Significantly, the collagenous material has good inherent strength
and may be wrapped around wound areas to form an effective barrier.
The collagenous material maintains a moist wound environment to
promote wound healing, and its application helps to reduce
contraction and scar tissue formation. Unlike a number of existing
materials used in wound dressings, the collagenous material does
not gel on wound contact.
[0014] Further, the presence of collagen at a wound site is known
to increase the rate of wound healing.
[0015] Thus, the collagenous material described herein is
particularly useful in wound care. The collagenous material may be
presented in a hydrated state. The process may therefore further
comprise at least one rehydration step, in which the collagenous
material is maintained in an aqueous solution. For instance, the
collagenous material may be maintained in saline, such as 0.9%
saline.
[0016] The presentation of the collagenous material in a hydrated
form helps to maintain a moist wound environment when the material
is applied as a wound dressing. Surprisingly, it has been found
that the collagenous material formed from collagen particles
remains intact following processing/manufacture and does not return
to a particulate state following rehydration.

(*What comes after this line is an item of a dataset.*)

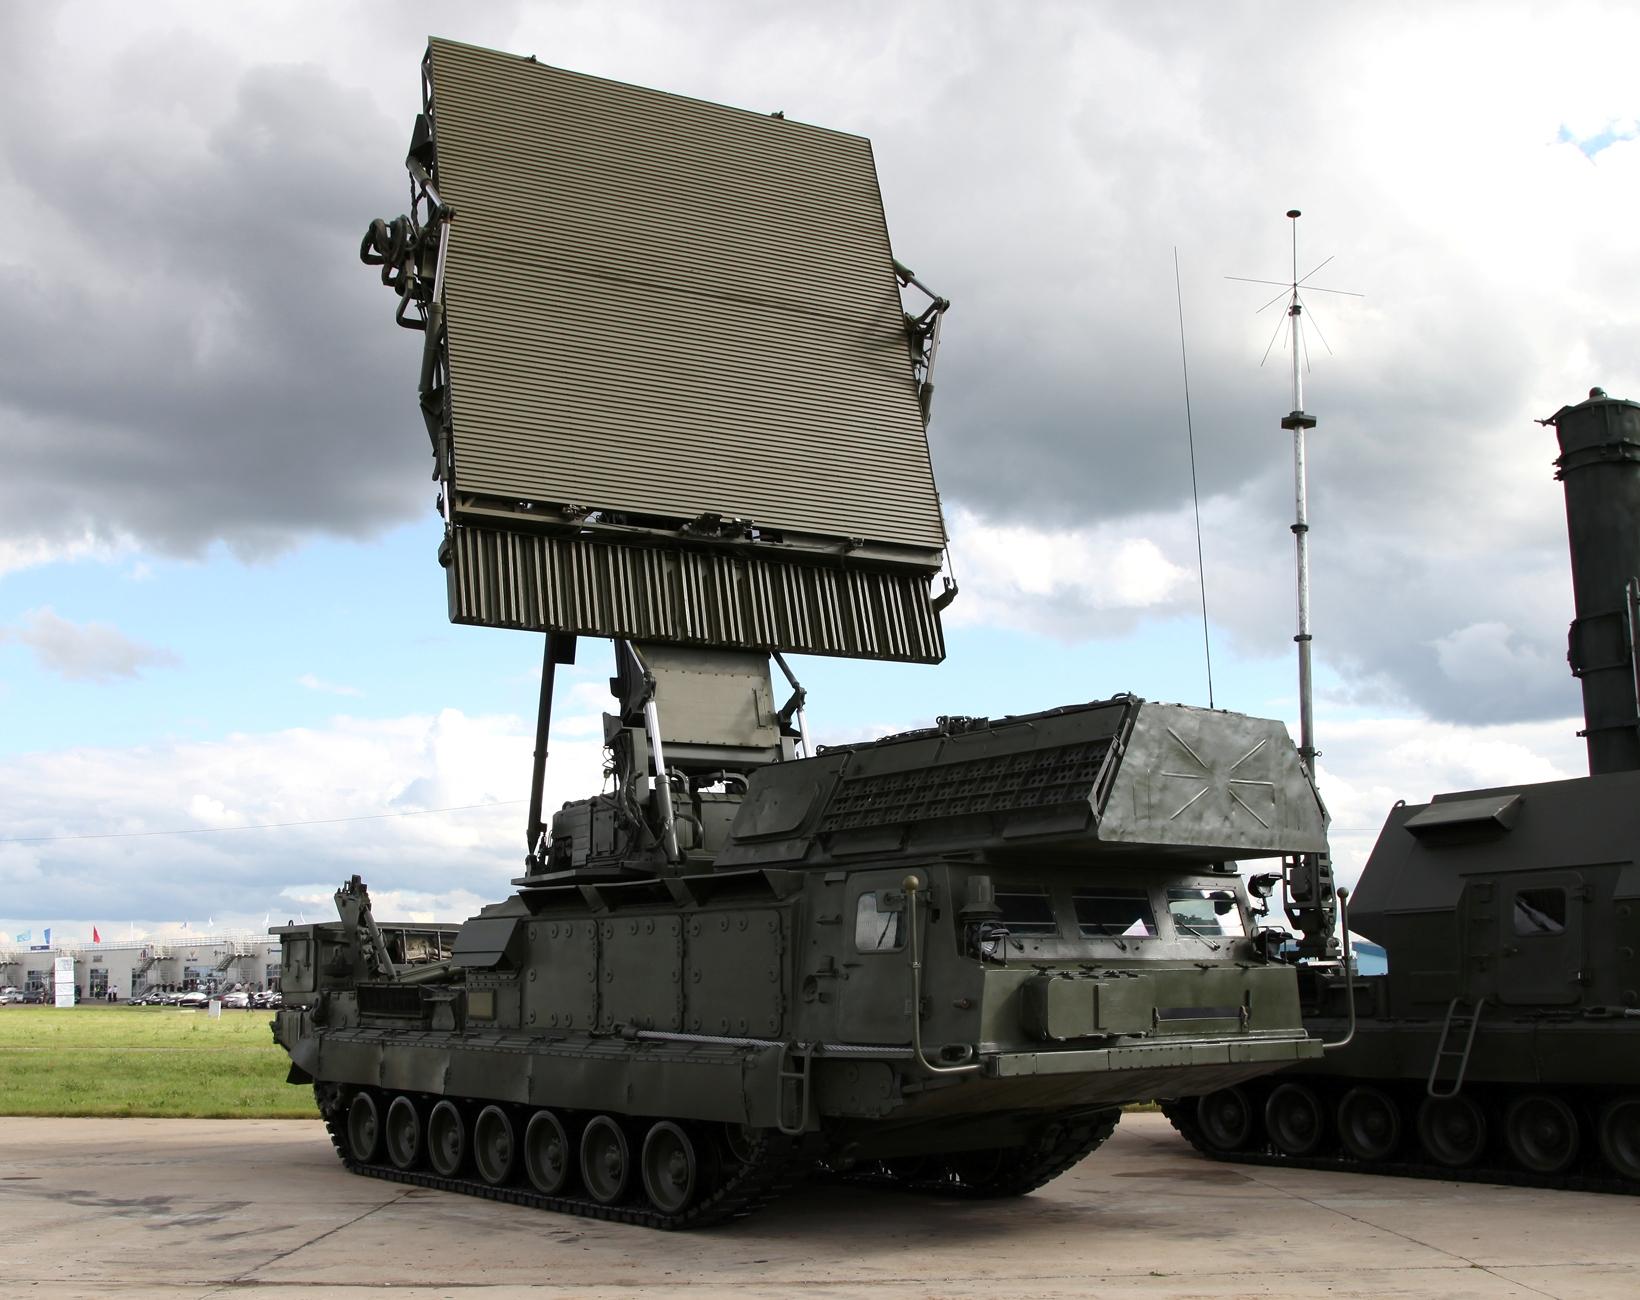 موسوعه الرادارت الروسيه فئه  X-band / VHF-Band / L-Band / UHF Band / S-Band 9S15M-radar-S-300-air-defence-system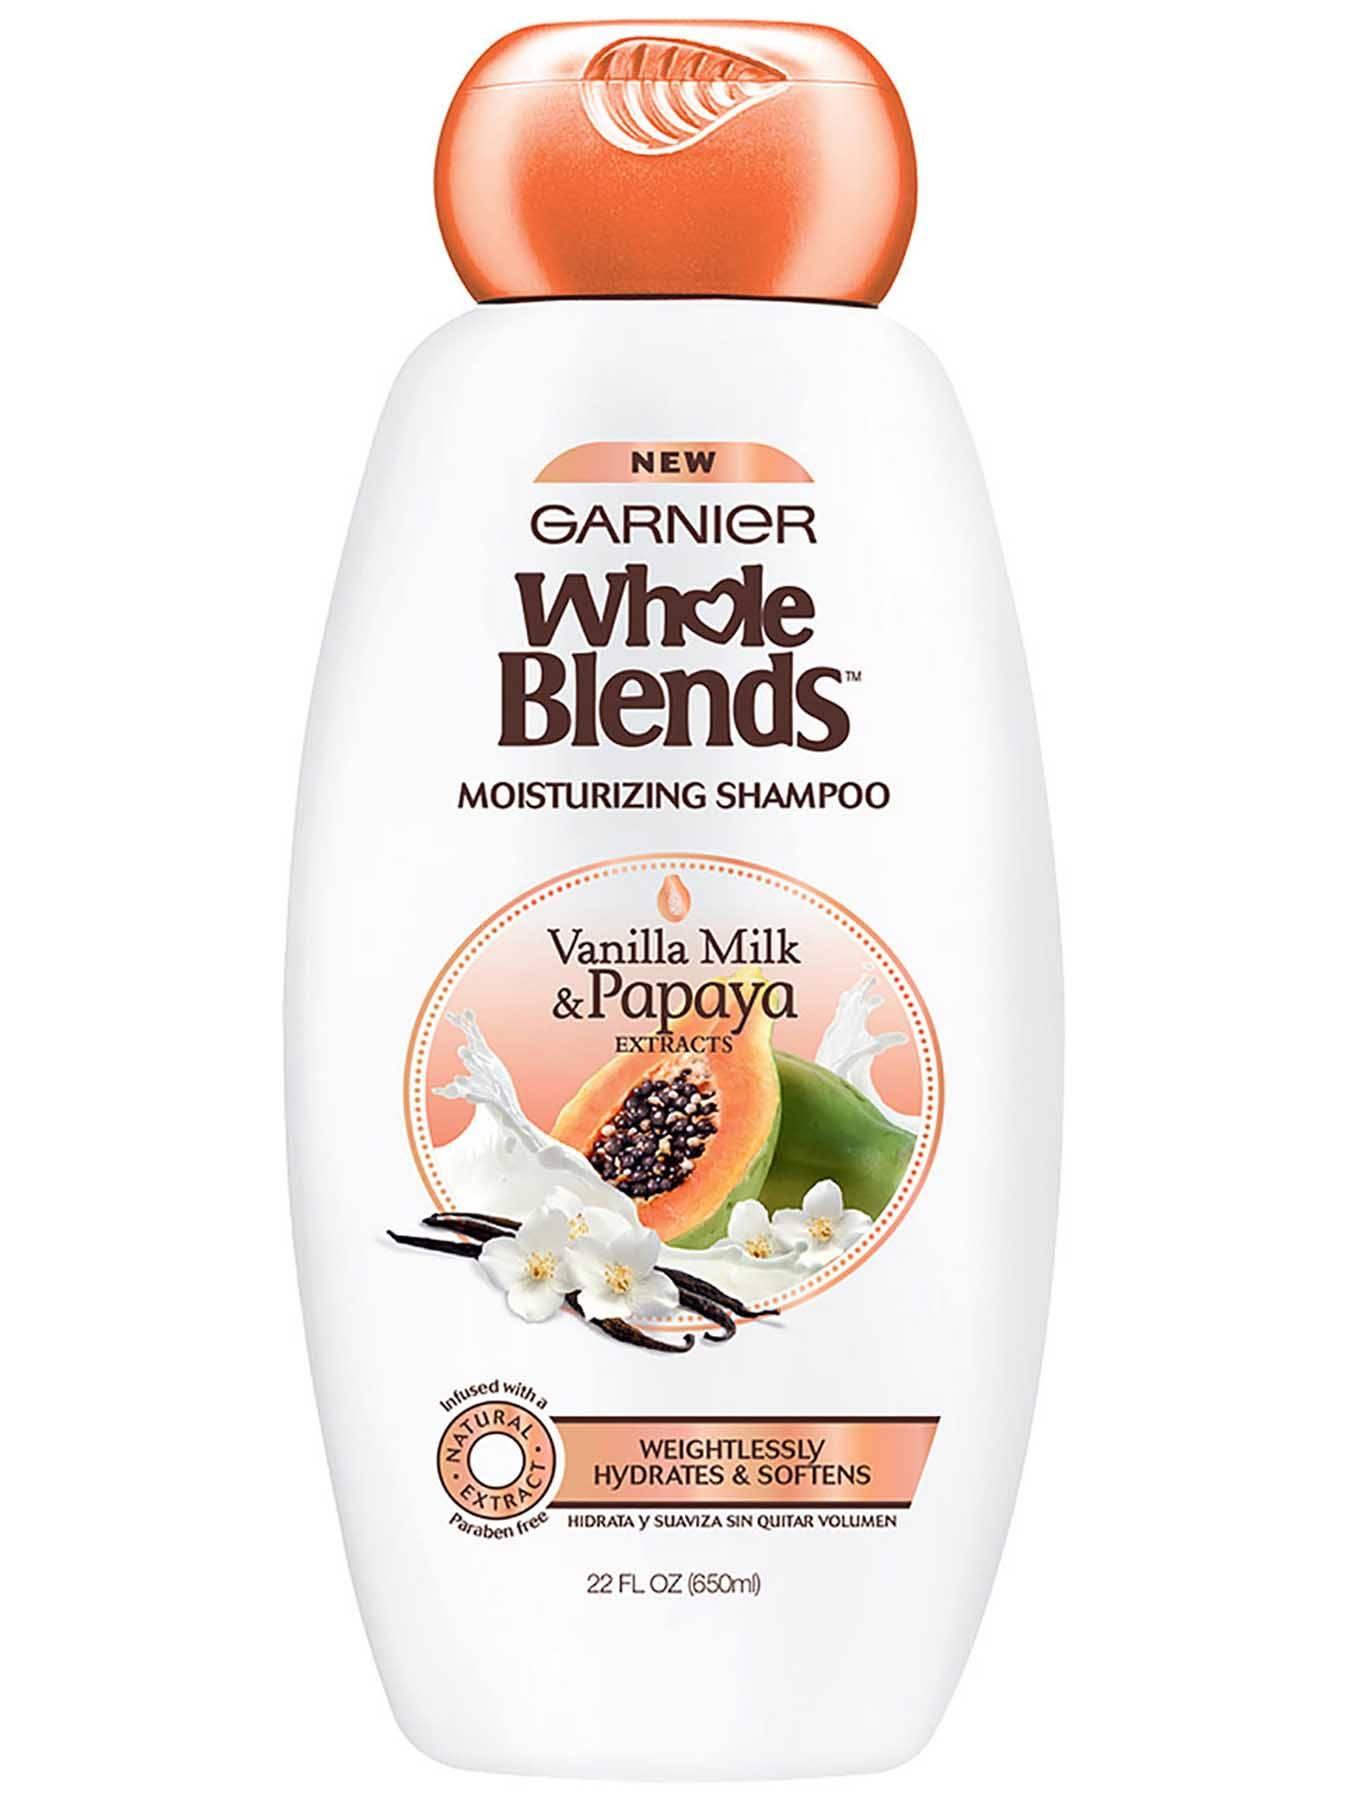 Whole Blends Vanilla Milk Amp Papaya Moisturizing Shampoo

[0017] The coherent collagenous material produced using the process
of the present invention may be manufactured in any size, and can
therefore be used to provide coverage of large wound sites, such as
burns. The structural integrity of the collagenous material
provides good protection to a wound site and the may be readily
secured in position to prevent migration.
[0018] Although the processing typically results in some disruption
to the structure of the collagen, the disruption is less than in
prior art processes, which involve harsh chemical and mechanical
treatments that significantly disrupt the collagen substructure to
leave only collagen fragments in the form of tropocollagen (see,
for example, U.S. Pat. No. 3,157,524 and U.S. Pat. No. 4,412,947).
In contrast, collagenous materials manufactured according to the
process of the present invention show good retention of collagen
fibril structure and alignment, at least in part.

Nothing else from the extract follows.